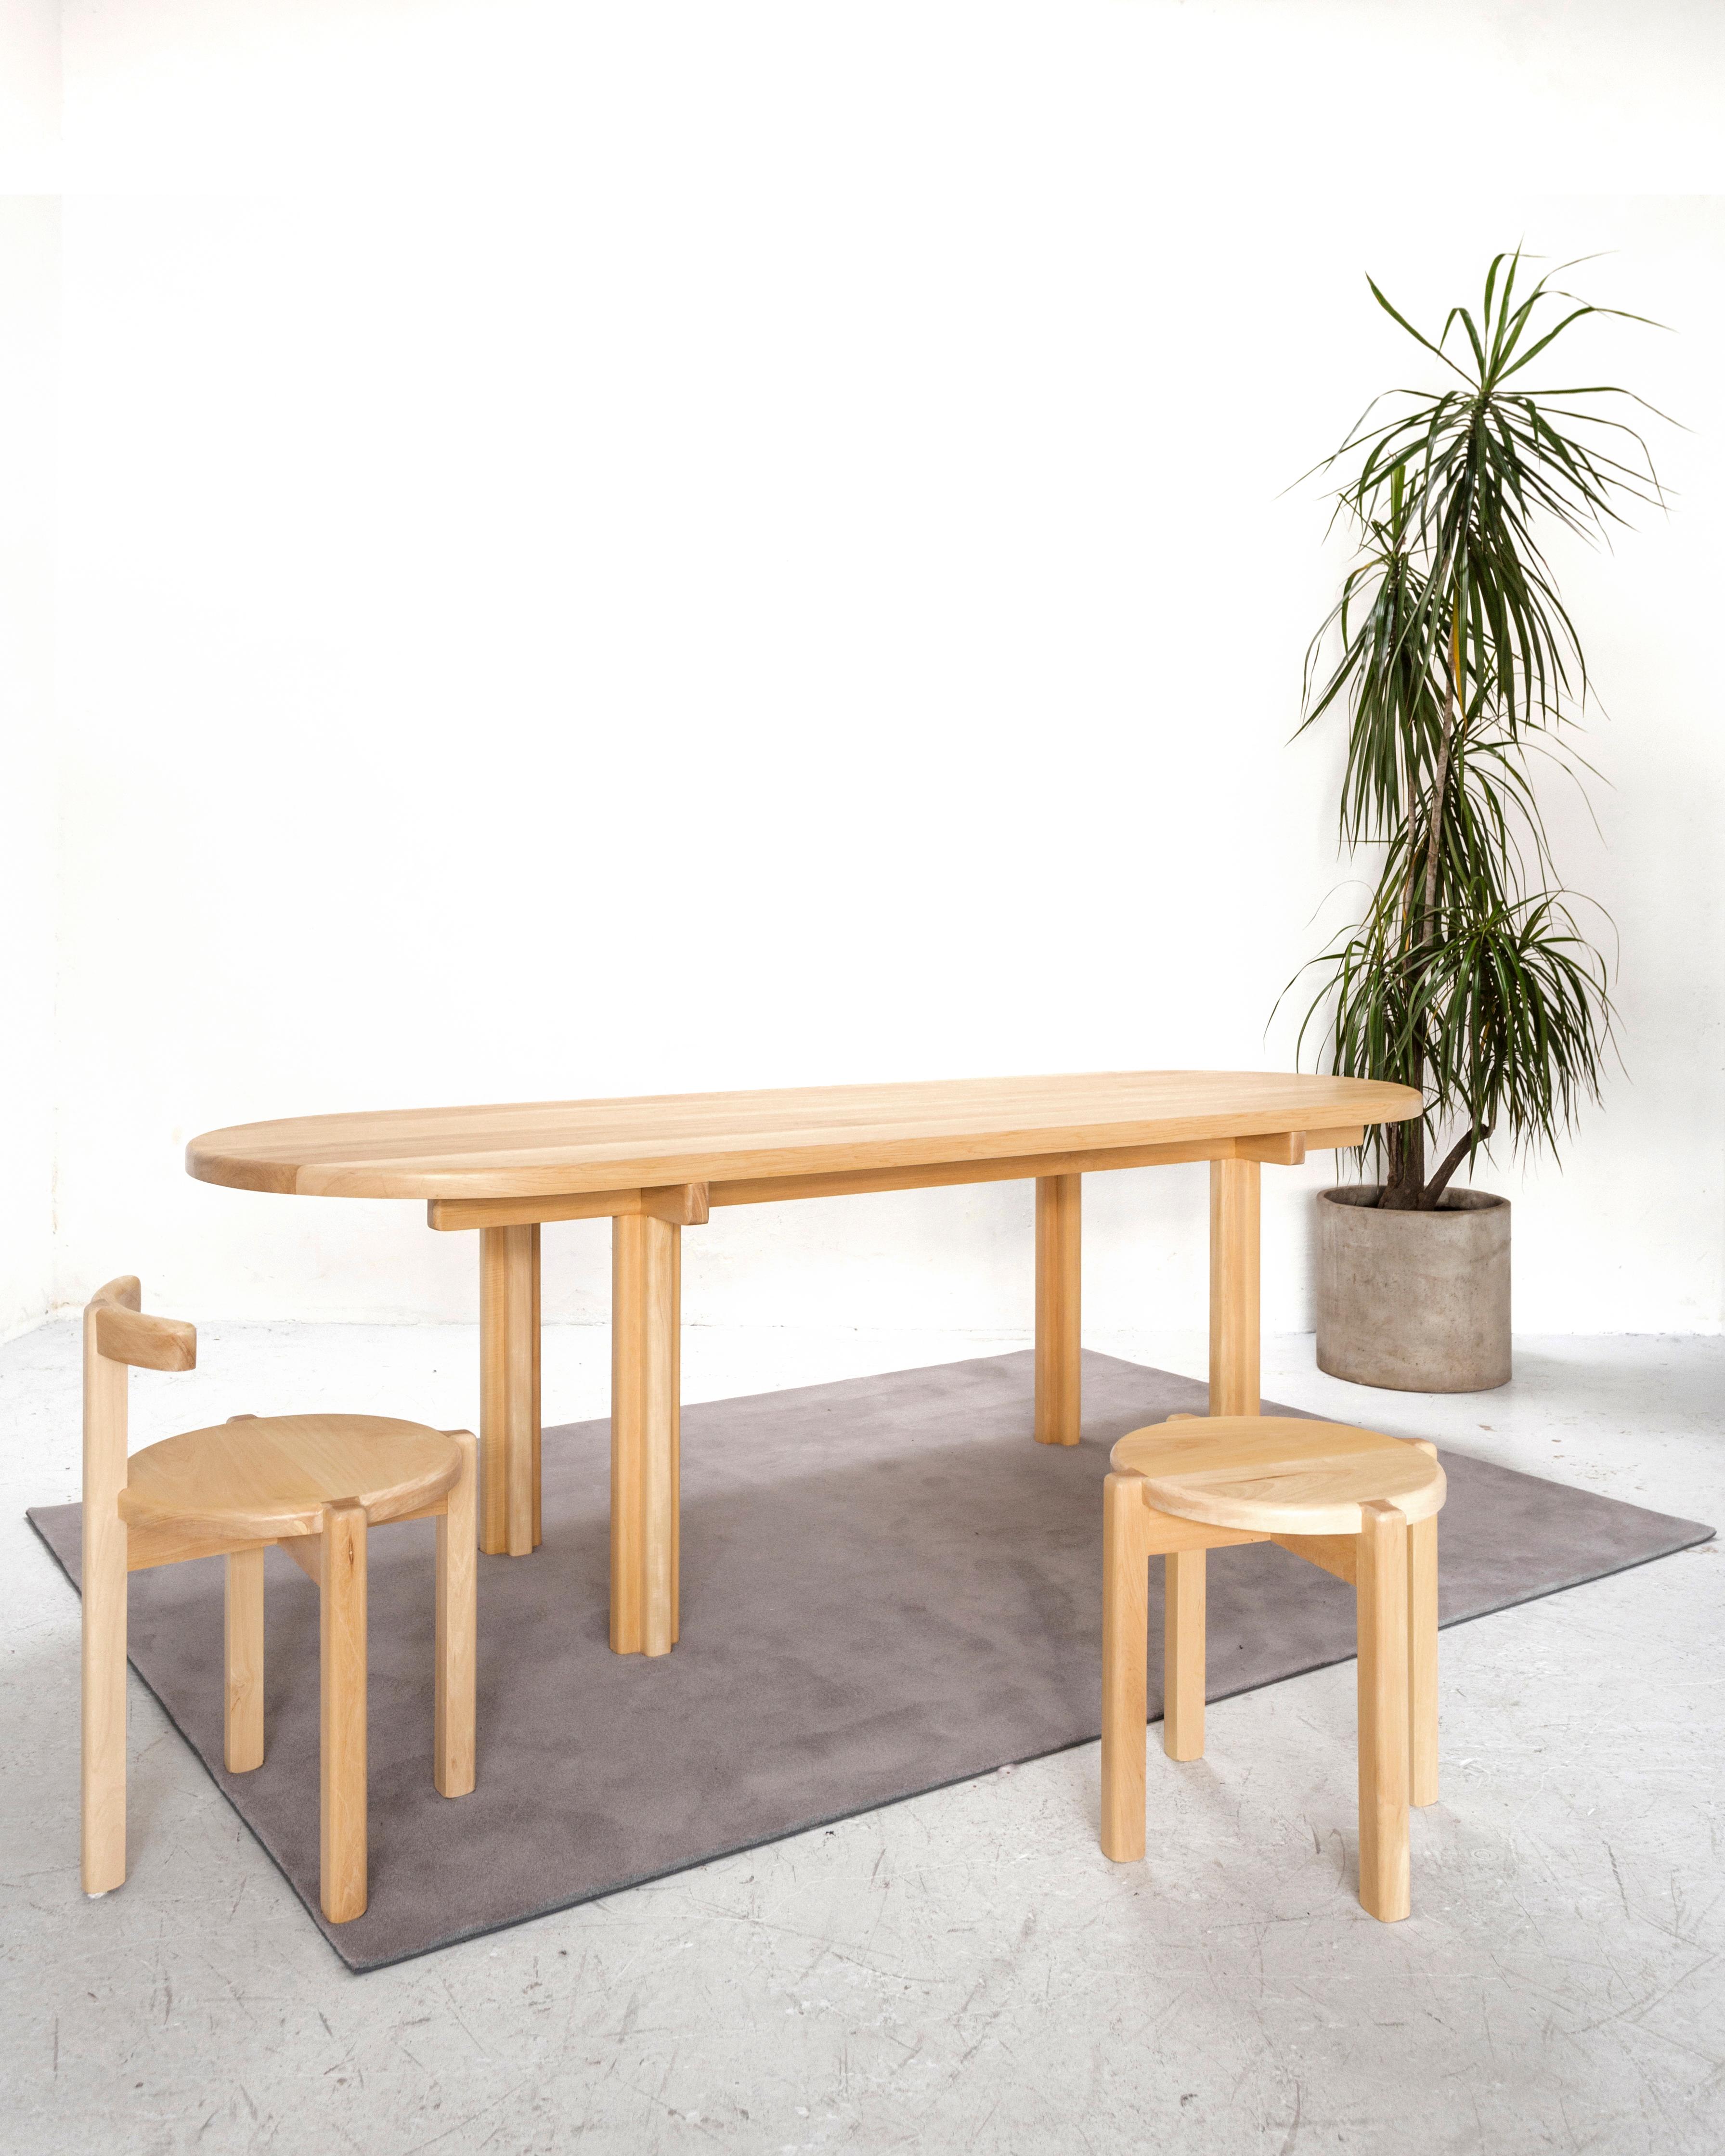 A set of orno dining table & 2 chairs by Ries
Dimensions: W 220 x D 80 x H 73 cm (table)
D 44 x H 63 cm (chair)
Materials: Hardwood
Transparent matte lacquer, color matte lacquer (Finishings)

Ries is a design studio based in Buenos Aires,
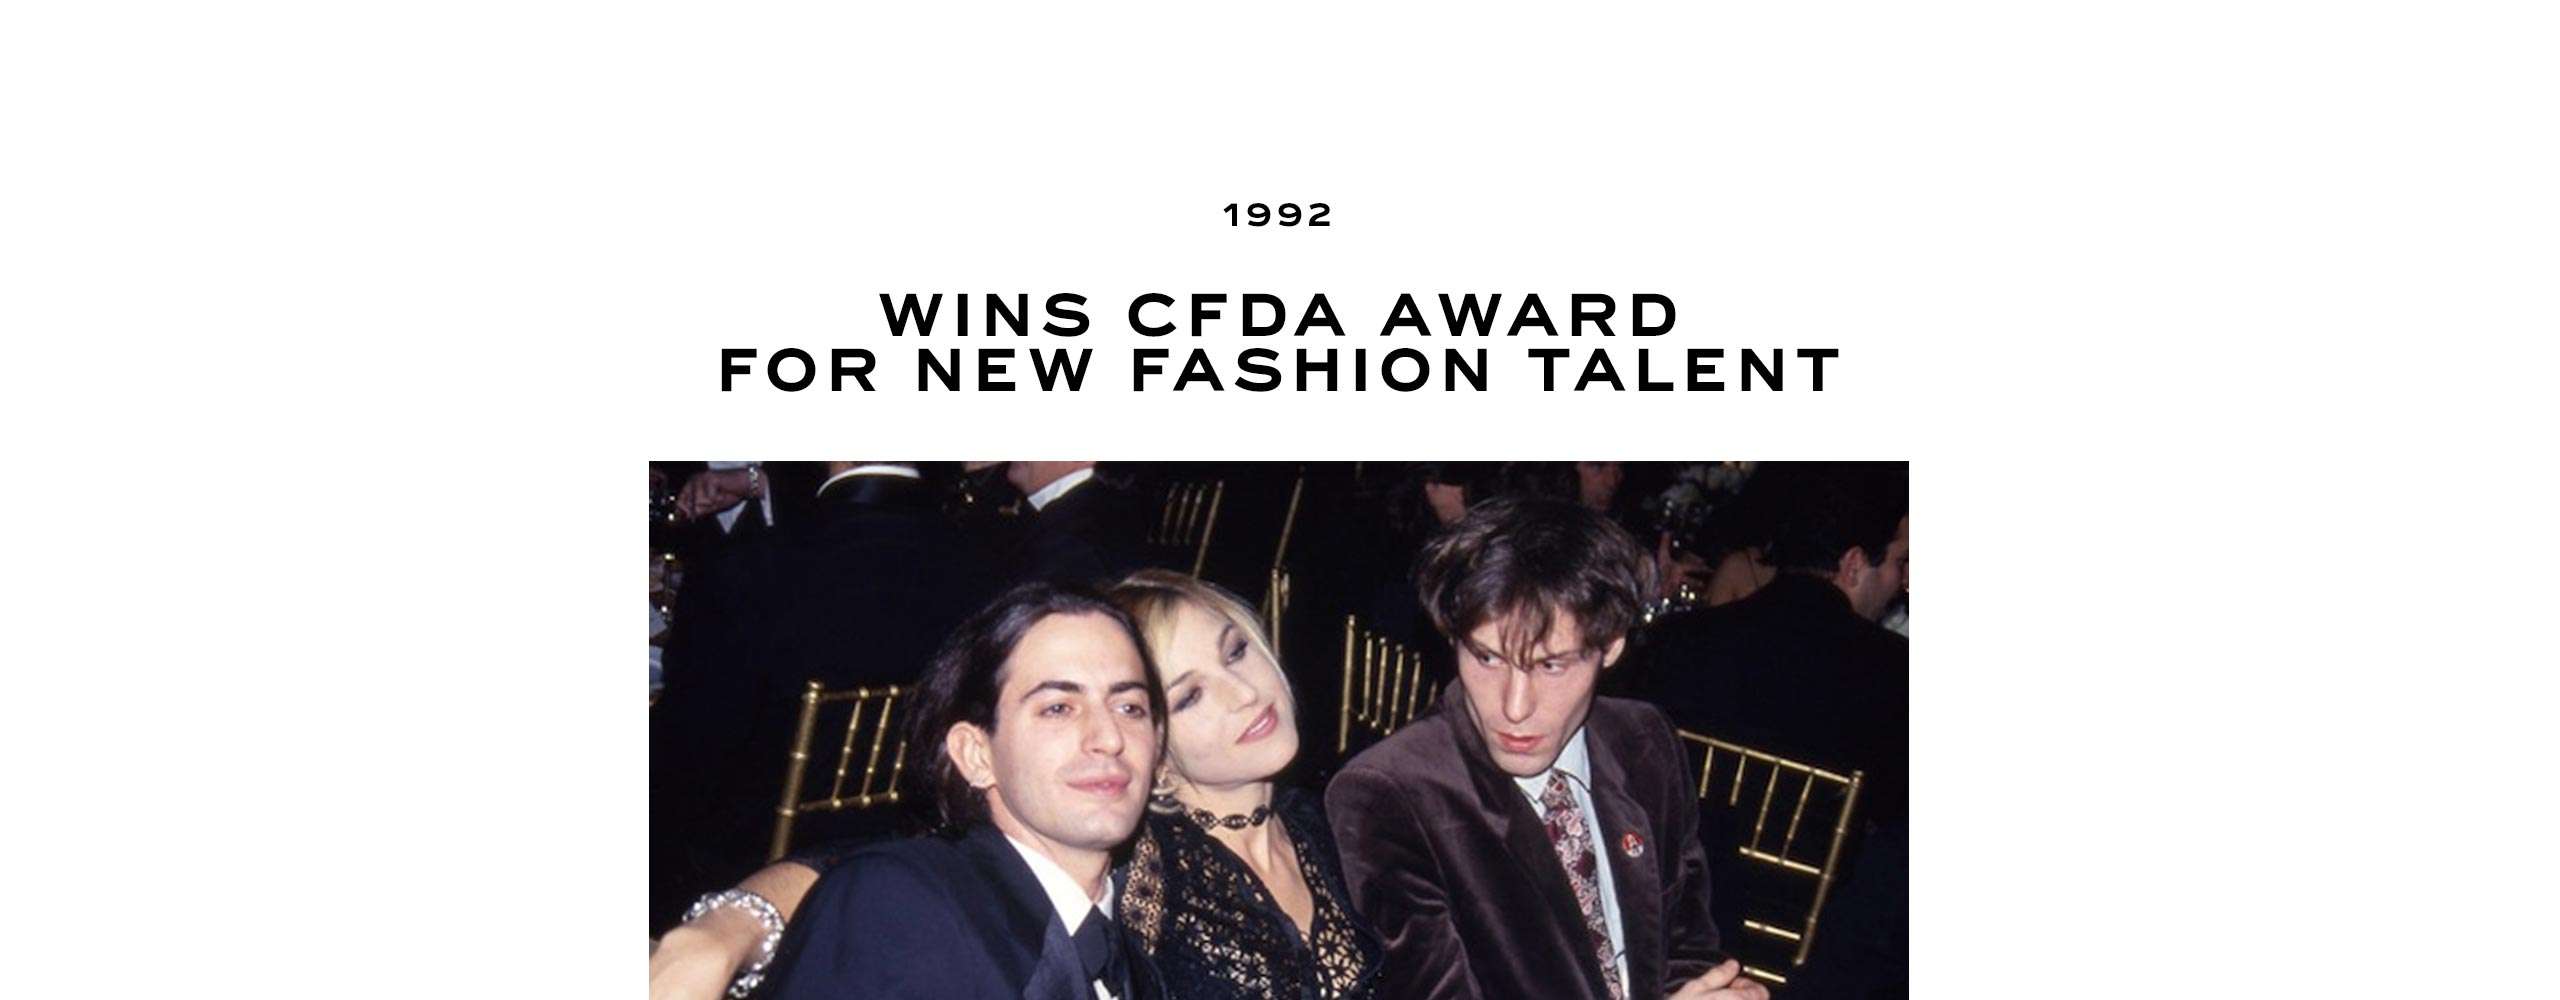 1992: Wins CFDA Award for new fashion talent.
+ + + + +
◆ Prompt ◆
In the data, the line that contains "Materials: Hardwood" begins the part to write out; restate it and each line after it word for word through the end, with no pictures.

◆ Exercise solution ◆
Materials: Hardwood
Transparent matte lacquer, color matte lacquer (Finishings)

Ries is a design studio based in Buenos Aires,
 1992: Wins CFDA Award for new fashion talent.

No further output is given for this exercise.